Heading to Sheetz last week, I walked past three little girls, who were probably 8 years old, selling Girl Scout cookies.
The girls were standing outside trying to get some business. Walking toward them I could see there was hope in their eyes, because they knew if they sold 200 boxes they could get a cool stuffed animal or money for a troop trip.
I told the girls I would get some on the way back with the full intention of buying a box of cookies. Waiting on my food, I was reminiscing on the time 12 years ago I was in the same position.
I was selling cookies at a table in my local grocery store with homemade signs, my brown vest covered in patches and an old decorated pretzel container we used as a cash jar.
I got my sub and was headed back their way and the girls jumped with joy when I returned. They shot me a pleasant little smile and politely asked me with their sweet voices if I wanted to buy cookies.
I bought a box of the tagalongs, and to my surprise, the box looked the same as I remembered. On the front was a picture of a red-headed girl with a kayak.
The photo looked like it was taken in the 1980s. However, it seems this imagery was the only thing that had stayed constant since my days in a troop.
When I asked how much a box was the little girl told me it was $5. When I was selling cookies I remember each box being $3.50.
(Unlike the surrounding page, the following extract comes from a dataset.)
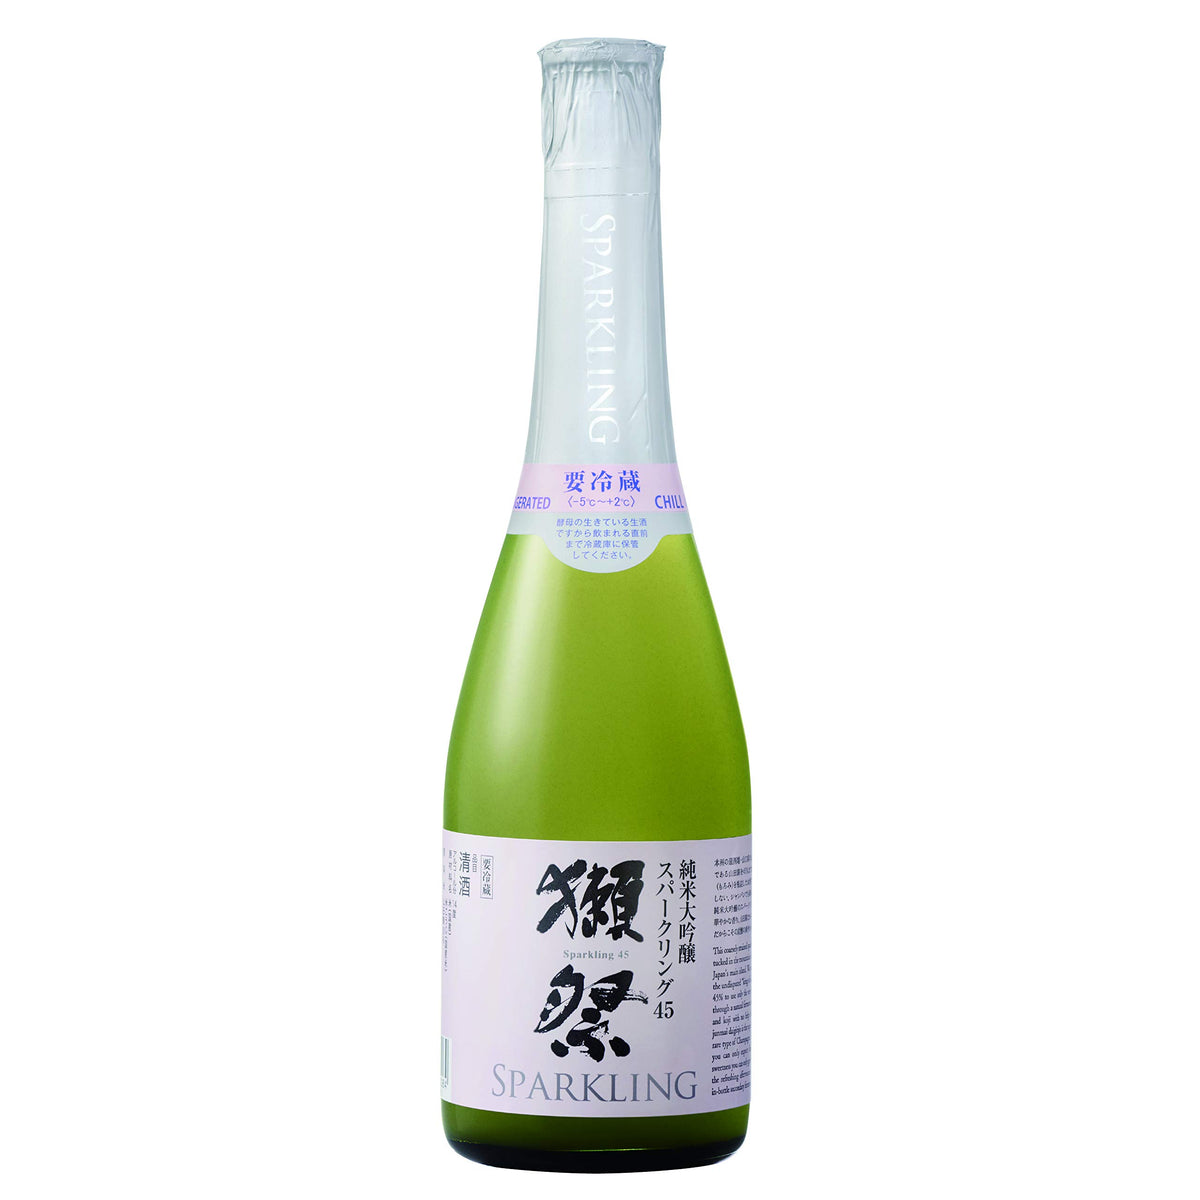 Dassai “45” Sparkling Sake
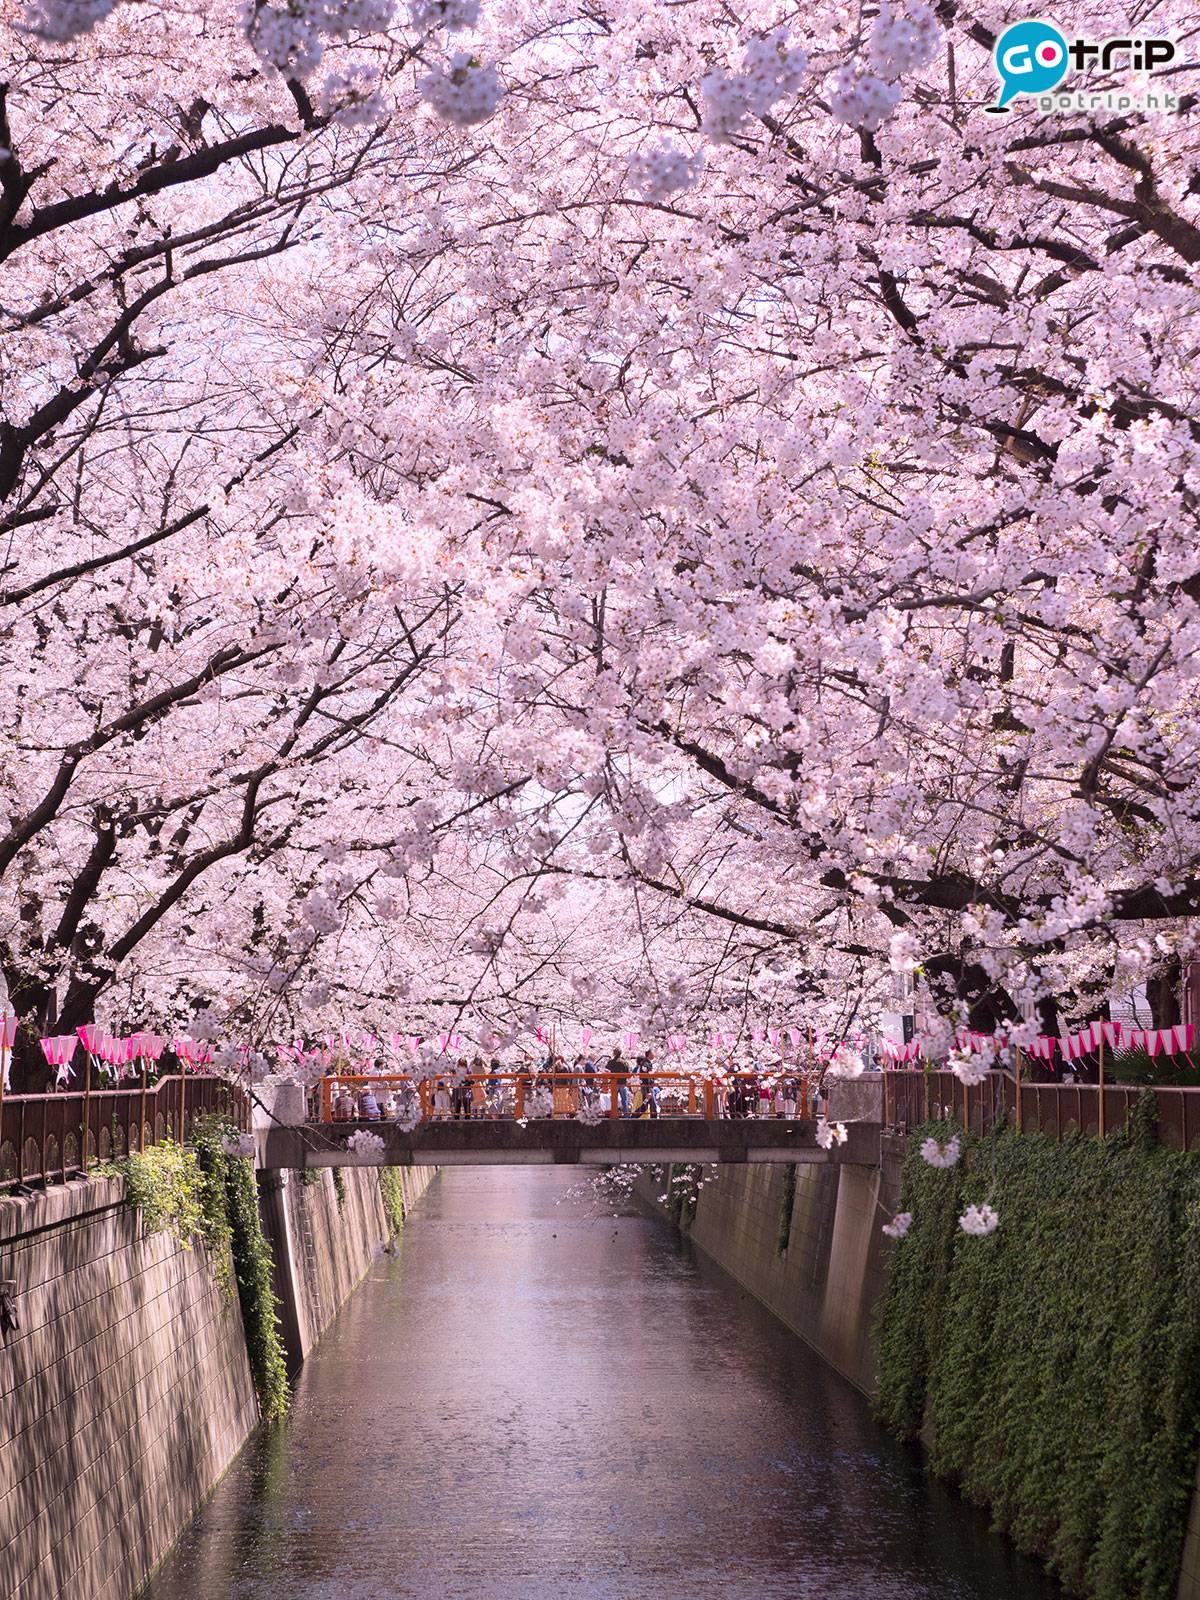 Fly！旅遊天書 目黑川4公里長的河岸兩旁，種了8百棵「染井吉野」櫻花樹，開得澎湃的櫻花為目黑川染上一抹浪漫的粉紅色。

Then I opened the box of cookies and saw that there were only 14 in the box. I recall the tagalongs being thicker and having more peanut butter, but that was not the case.
After a little research, I discovered that 75 percent of the earnings goes to the Girl Scout National Council and only 10 percent of that fraction goes to the individual Girl Scout troop.
The remaining 25 percent goes to the bakeries, which use a dollar and some change to make a box.
If they are expensive, why do we even buy them?
Everyone loves Girl Scout cookies, but the same exact products are made by the Keebler Co.
You could get four times as many cookies for the same price, but there is an elf on the package instead of the girl in the kayak.
We do not buy Girl Scout cookies because they are amazing. We could go to any supermarket and buy the same product for cheaper if we really wanted to.
We buy them because it makes the girls happy, and it allows them to work hard for something, and we cannot say no.
After all, kids are the future of our world. Playing to their strengths and using their cuteness to their advantage will just make them successful little business women.
However, my research made me wonder what the Girl Scout Council does with 65 percent of the profits made from the cookies.
When I was young and invested in selling cookies, my sister and I sold about 400 boxes.
That would have been $2,000 today, and $1,300 of that would go to the council. Only $200 would go to the troop. What is all that council money used for?
After even more research I found that out the 2016 CEO of the Girl Scouts, Anna Maria Chavez, made an annual salary of $393,380 after only making $104,000 as head of the Girl Scout council of Texas. What I could not find was where the funding for her salary comes from, but my guess would be cookie sales.
If that is the case, these 8-year-old girls have to sell 121,040 boxes of cookies yearly just to pay her salary as CEO. How is that right?
Now that seems insane that there are 200 million boxes of cookies sold a year, and revenue for girl scouts is at $700 million. There are more than 100 councils across America with leaders being paid over $100,000 salaries.
The CEO makes $393,380, yet the little girls who work their butts off selling cookies get so little of that.
Who cares that the cookies are $5 because we only buy them for the kids. However, if they’re going to be that expensive, a higher percentage of that should be for the kids. After all, we buy cookies for the benefit of the kids, not for the organization.